14. The question which falls for consideration is whether to apply the principle laid down by Hon’ble the Supreme Court in the case of McDowell & Co. Ltd.(supra), wherein it was held that the judgment of House of Lords in IRC v. Duke of Westminster, [1936 ]AC 1 (HL),was not applicable. In other words, even if the transaction is genuine and even if it is actually acted upon, it would be permissible in law, inasmuch as, it is part of continuous tax planning which may be aimed at avoidance of tax not evasion of tax. The aforesaid principle is based on the premise that a tax payer may resort to a devise to divert the income before it arrives to him and effectiveness of the devise would not depend upon consideration of morality but on the operation of the Act.
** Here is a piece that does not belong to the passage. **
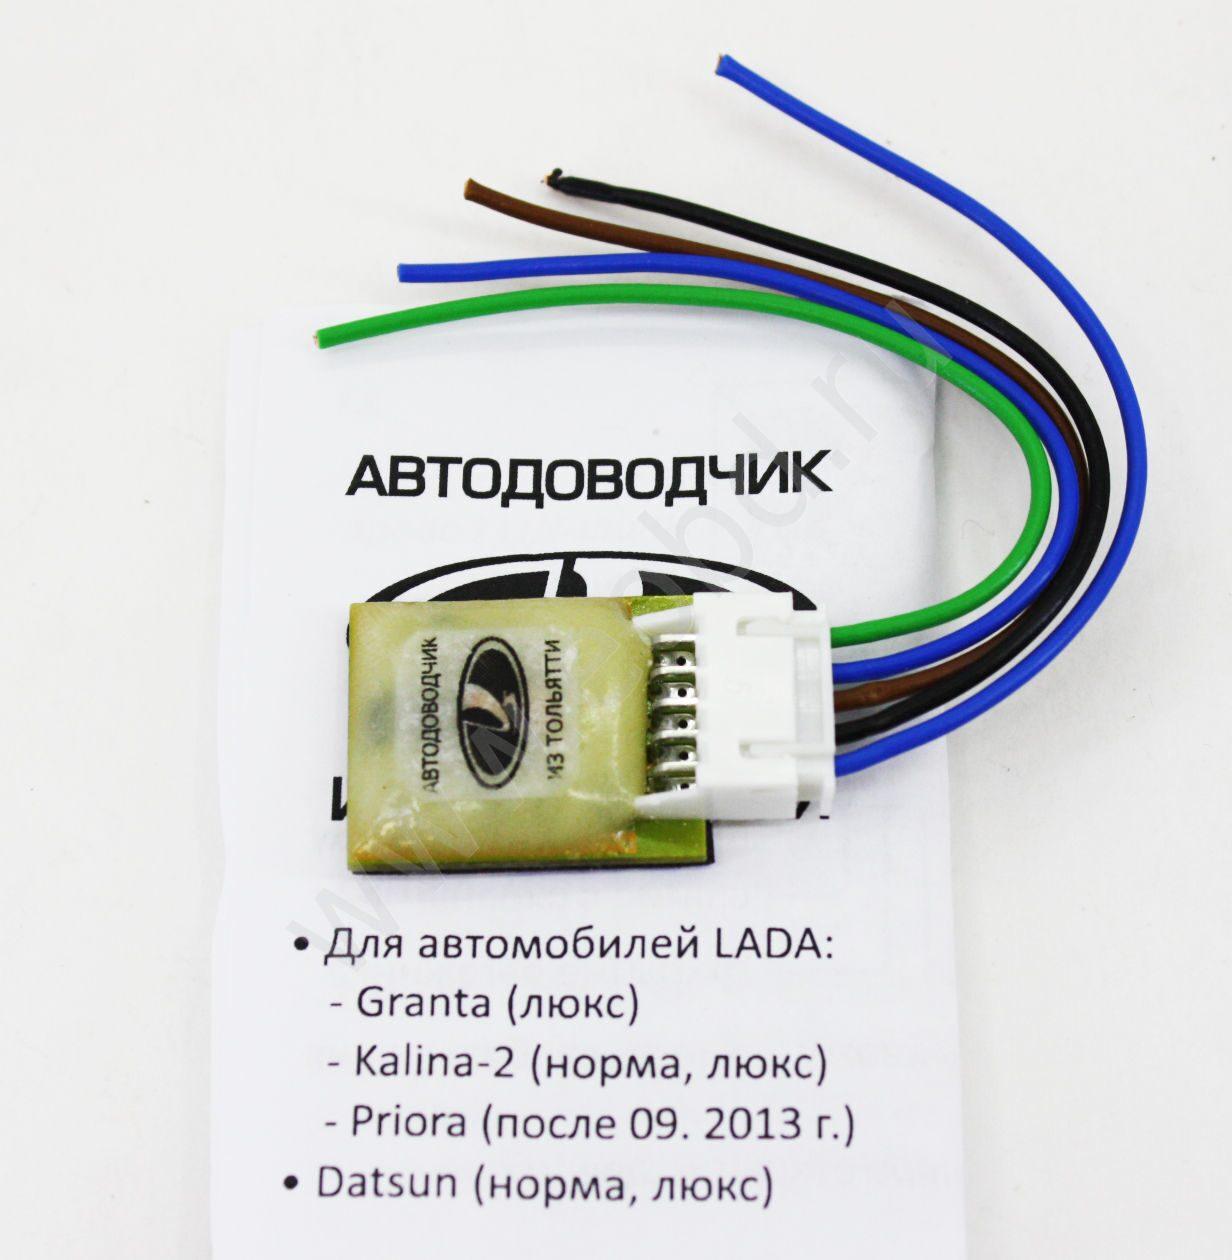 диагностический адаптер для приоры usb схема

15. On the strength of the Division Bench judgment of the Bombay High Court rendered in the case of Twinstar Holdings Ltd.(supra), learned counsel for the revenue-respondent has argued that if the transaction is entered into with the intention of tax avoidance and it was known to the parties before hand then even if the transaction is genuine, it would constitute a colourable devise. The aforesaid view is sought to be supported by the observations made in the case of McDowell & Co. Ltd.(supra). On the contrary the main plank of argument of the learned counsel for the assessee-appellant is that intention and motives are irrelevant. The aforesaid argument has been canvassed on the strength of the judgment of Bombay High Court rendered in the case of Walfort Share and Stock Brokers P. Ltd.(supra)and the view expressed by Hon’ble the Supreme Court in the case of Azadi Bachao Andolan (supra).
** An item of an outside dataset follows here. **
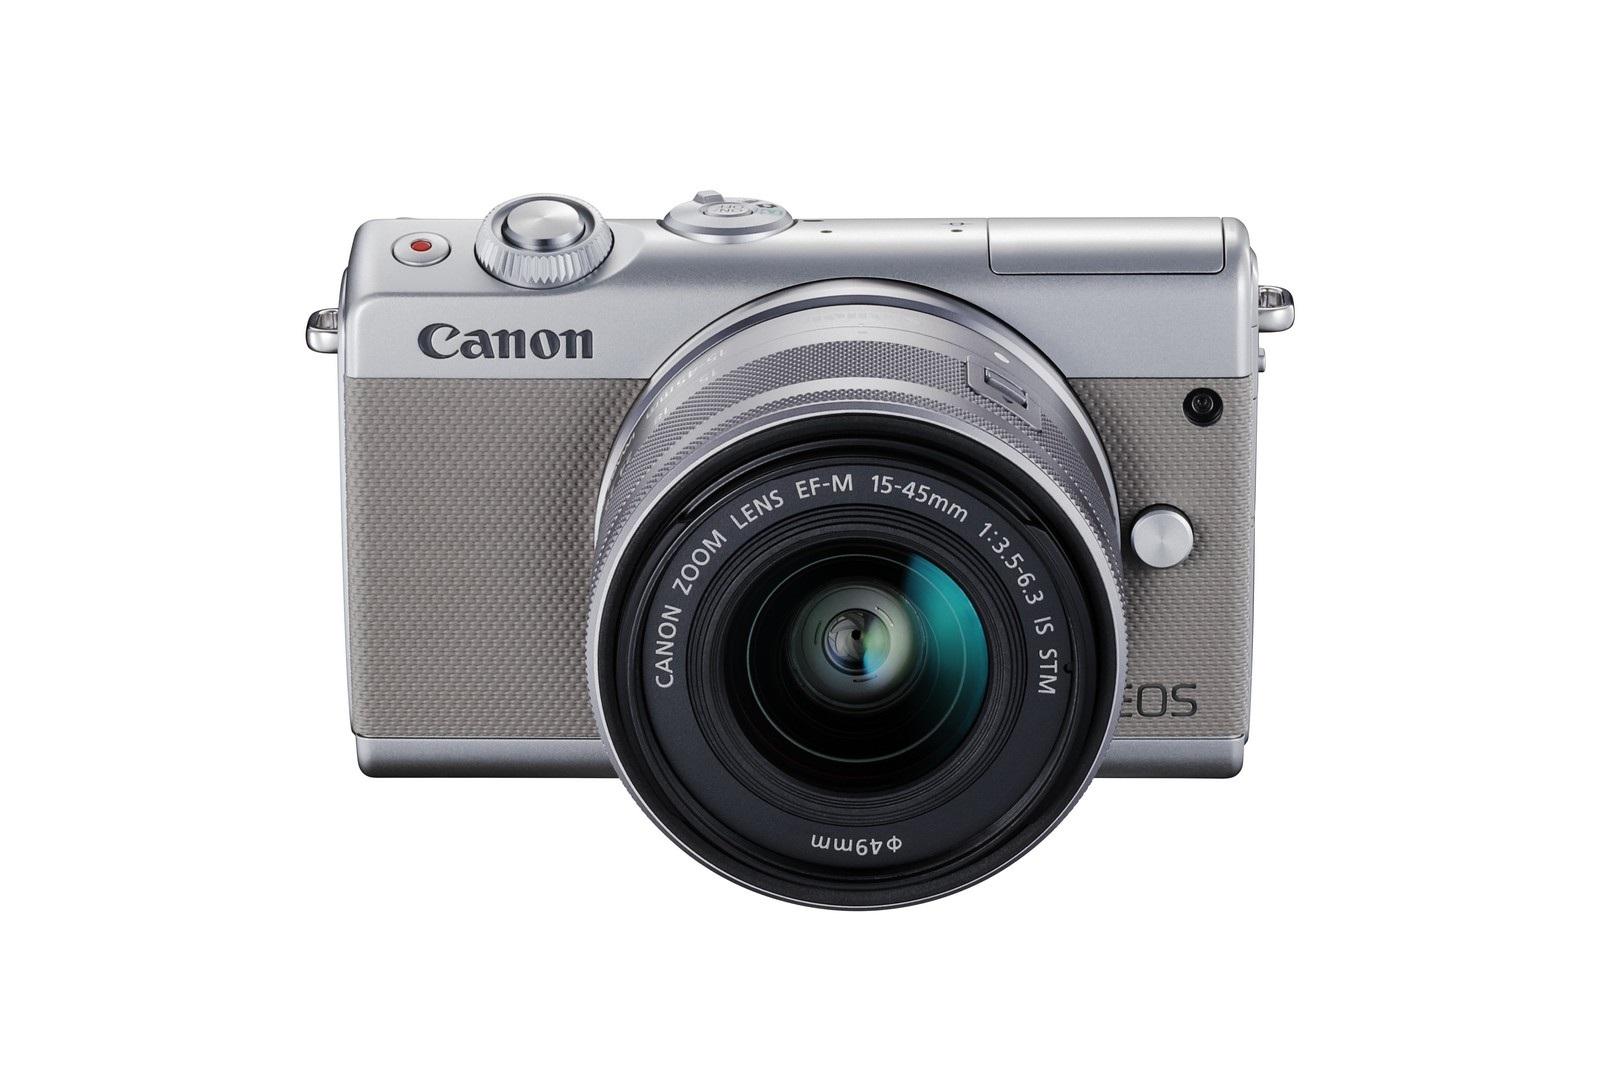 Canon EOS M100 sẽ chính thức bán ra vào đầu tháng 10, giá hơn 13 triệu đồng - 1

16.In the case of Azadi Bachao Andolan (supra),Hon ‘ble the Supreme Court has explained its earlier judgment rendered in the case of McDowell & Co. Ltd.(supra)by concluding that the principle laid down by the House of Lord in Duke of Westminster ‘s case (supra)have never been abandoned and, therefore, Hon ‘ble the Supreme Court in McDowell & Co. Ltd.’s case (supra)cannot deem to have laid down any different principle. In order to substantiate the aforesaid view their Lordships ‘ of

Hon ‘ble the Supreme Court placed reliance on a number of judgments of the House of Lords. Reference in this regard was made to a leading judgment rendered in the cases of Craven v. White,[1988 ]3 All ER 495 .In that case the House of Lords considered the impact of Furniss (Inspector of Taxes)v. Dawson,[1984 ]1 All ER 530 (HL);IRC v. Burmah Oil Co. Ltd.,[1982 ]Simon ‘s Tax Case 30 (HL)(SC);and W. T. Ramsay Ltd. v. IRC,[1981 ]1 All ER 865 (HL).After quoting the speeches of Lord Keith of Kinkel and Lord Oliver, Hon’ble the Supreme Court proceeded to conclude that even in the year 1988,the House of Lords emphasised the continued validity and application of the principle in Duke of Westminster ‘s case (supra). Accordingly, the principle laid down in Duke

of Westminster ‘s case (supra)was reiterated. The observations of Hon’ble

the Supreme Court in that regard reads as under:-

“With respect, therefore, we are unable to agree with the view that Duke of Westminster ‘s case [1936 ] AC 1 (HL);19 TC 490 is dead, or that its ghost has been exorcised in England. The House of Lords does not seem to think so, and we agree, with respect. In our view, the principle in Duke of Westminster ‘ s case [1936 ] AC 1 (HL);19 TC 490 is very much alive and kicking in the country of its birth. And as far as this country is concerned, the observations of Shah, J. in CIT v. Raman [1968 ] 67 ITR 11 (SC)are very much relevant even today. We may in this connection usefully refer to the judgment of the Madras High Court in M. V. Vallipappan v. ITO,[1988 ] 170 ITR 238,which has rightly concluded that the decision in McDowell [1985 ] 154 ITR 148 (SC)cannot be read as laying down that every attempt at tax planning is illegitimate and must be ignored, or that every transaction or arrangement which is perfectly permissible under law, which has the effect of reducing the tax burden of the assessee, must be looked upon with disfavour. Though the Madras High Court had occasion to refer to the judgment of the Privy Council in IRC v. Challenge Corporation Ltd.[1987 ] 2 WLR 24,and did not have the

benefit of the House of Lords’ pronouncement in Craven ‘s case [1988 ] 3 ALL ER 495 (HL);[1990 ] 183 ITR 216 (HL),the view taken by the Madras High Court appears to be correct and we are inclined to agree with it.”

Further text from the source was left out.